© 2009 Defilm

My Son, My Son, What Have Ye Done? (2009)

I was about to begin this sentence with “Werner Herzog’s latest film…”, but it turns out that the always prolific Herzog has already completed two documentaries since he finished My Son, My Son, What Have Ye Done? In 2009. Anyway, at least I can write “Werner Herzog relatively recent film is a successful experiment in transplanting Greek tragedy to modern-day suburban America.”

It comes as no surprise that My Son was written by Herbert Golder, a professor of Classical Civilization at Boston University and has translated Sophocles into English. Golder was intrigued by the 1978 Greek film A Dream of Passion, about an actress playing Medea from Greek mythology on the stage, and as part of her research for the role seeks out a woman, played by Ellen Burstyn, who is in jail for murdering her children. A case of life imitating myth, but it was still locked within the fictional world of film. Then one morning in 1979, Mark Yavorsky, a 34-year-old former college basketball star, walked across the street in a quiet section of San Diego, where he found his mother in a neighbor’s house where she had taken refuge, and stabbed her to death with an antique sword. The story enthralled the local community and had parallels to the Greek myth of Oretes. The fact that Yavorsky had been cast as Oretes in a play at University of California, San Diego before he was cut for constantly disrupting rehearsals with his bizarre ideas. Golder began collecting newspaper clippings on the case, and eventually began meeting with Yavorsky and recording their conversations. Golder was a friend of Herzog, and began talking to him about collaborating on a screenplay. The project lay dormant for decades, and during this time Herzog met Yavorsky after his release from prison. The director found him argumentative and was frightened by the fact that he had constructed a sort of shrine in his house to Aguirre, the Wrath of God, one of Herzog’s films from the ‘70s.

Yavorsky died in the meantime, and Golder and Herzog finally got together and put together the script in four and a half days, based on a huge pile of documents that Golder had accumulated. Herzog has said that 70% of the film is fictionalized, but on the other hand, some of the scariest bits of dialogue are direct quotes from Yavorsky, such as the troubled man using a laundry room for four and a half years as a place to cry until it was renovated and turned into something else, and his costar in the play, who plays the murdered mother of his character, being told to twitch her feet as she lay dead on the stage “so he can see his mother’s feet dancing her to heaven.”
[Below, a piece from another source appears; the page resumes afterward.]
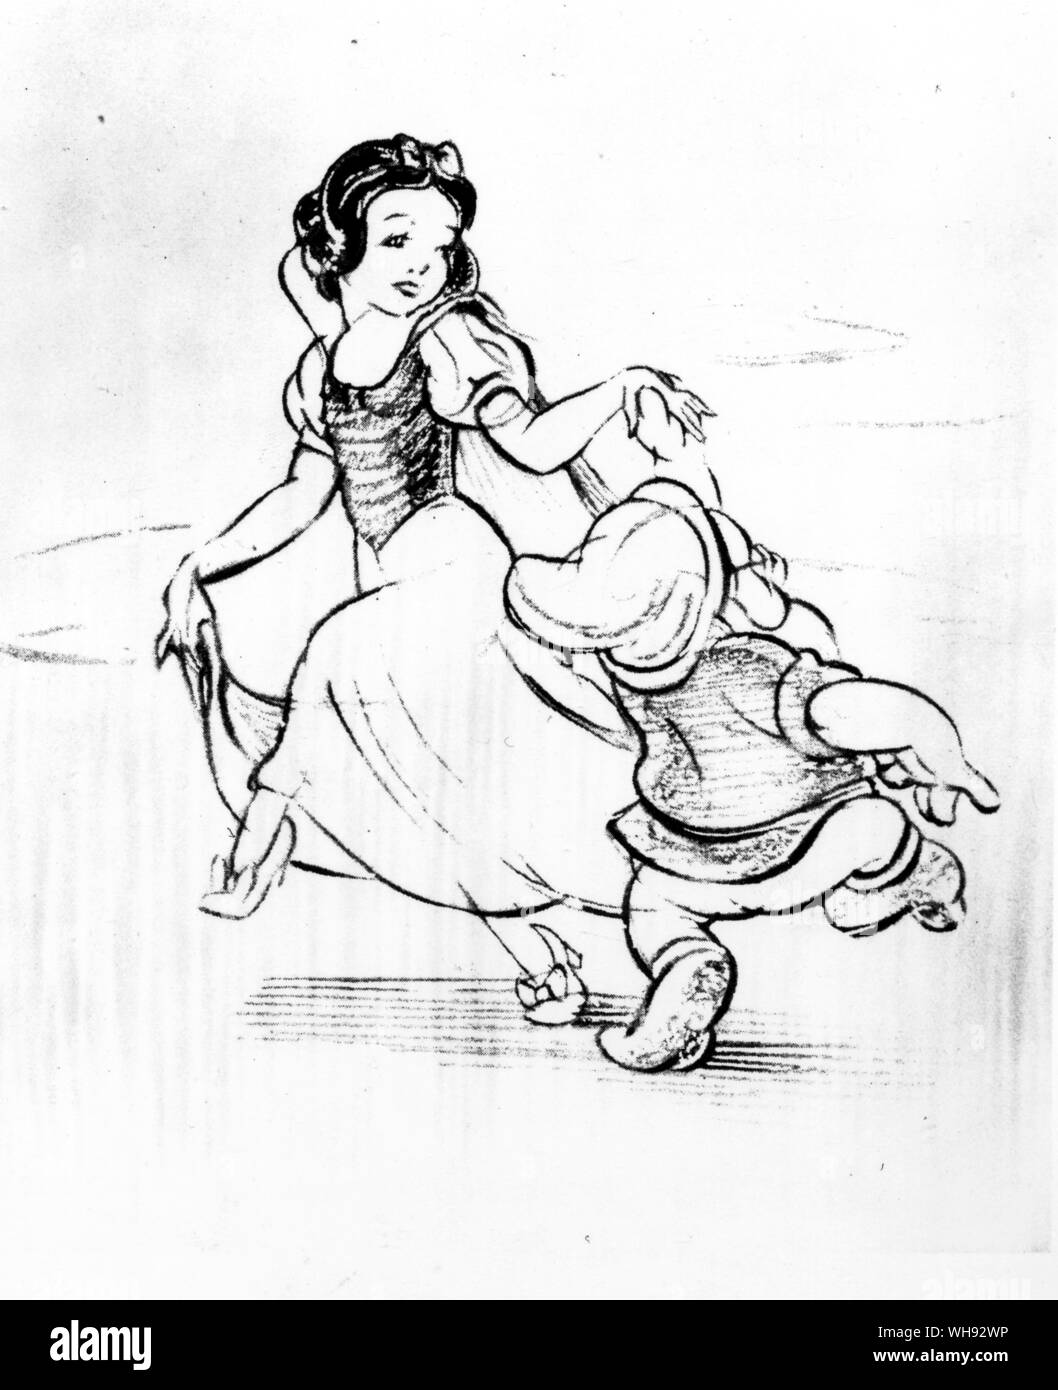 Blanche Neige et les Sept Nains. Guide des dessins de Walt Disney pour le film, Blanche Neige et les Sept Nains, 1938. Blanche Neige danse avec mauvaise humeur. Banque D'Images

In the film, the killer, renamed as Brad McCullum, holds off the police by claiming he has hostages. This did not happen in the real case, in which Yavorsky immediately surrendered himself and made a full confession. Herzog mainly uses this as a narrative framing device. The homicide detective played by Wilhelm Defoe interviews people involved in the case, flashbacks reveal his troubled history and pose the question not of why he did what he did. The usual suspense in a murder story—the questions of who did it and will they be caught—are entirely irrelevant. Herzog said “I wanted to do something intelligent where an audience would know three minutes into the film, would know what had happened. An elderly woman had been killed with a sword. Secondly, you would know who the murder was. And finally you would know where he was. From then on, you do not know what is going to happen one moment after another.”  Indeed, as the flashbacks move closer and closer to the murder, Brad’s erratic behavior becomes an increasing cause of concern for his fiancée (Chloë Sevigny) and his drama director (Udo Kier). Michael Shannon, who has played eccentric characters in Cecil B. DeMented and Grand Theft Parsons, is truly frightening as Brad, even though we never actually see the murder.

Herzog approached David Lynch, who acted as producer, with his idea of getting back to “essential filmmaking,” using good stories, small budgets of $2 million or less, and the best actors they can get. My Son is the first product of this new approach (or return to an old approach), and I for one hope that more films like this are made.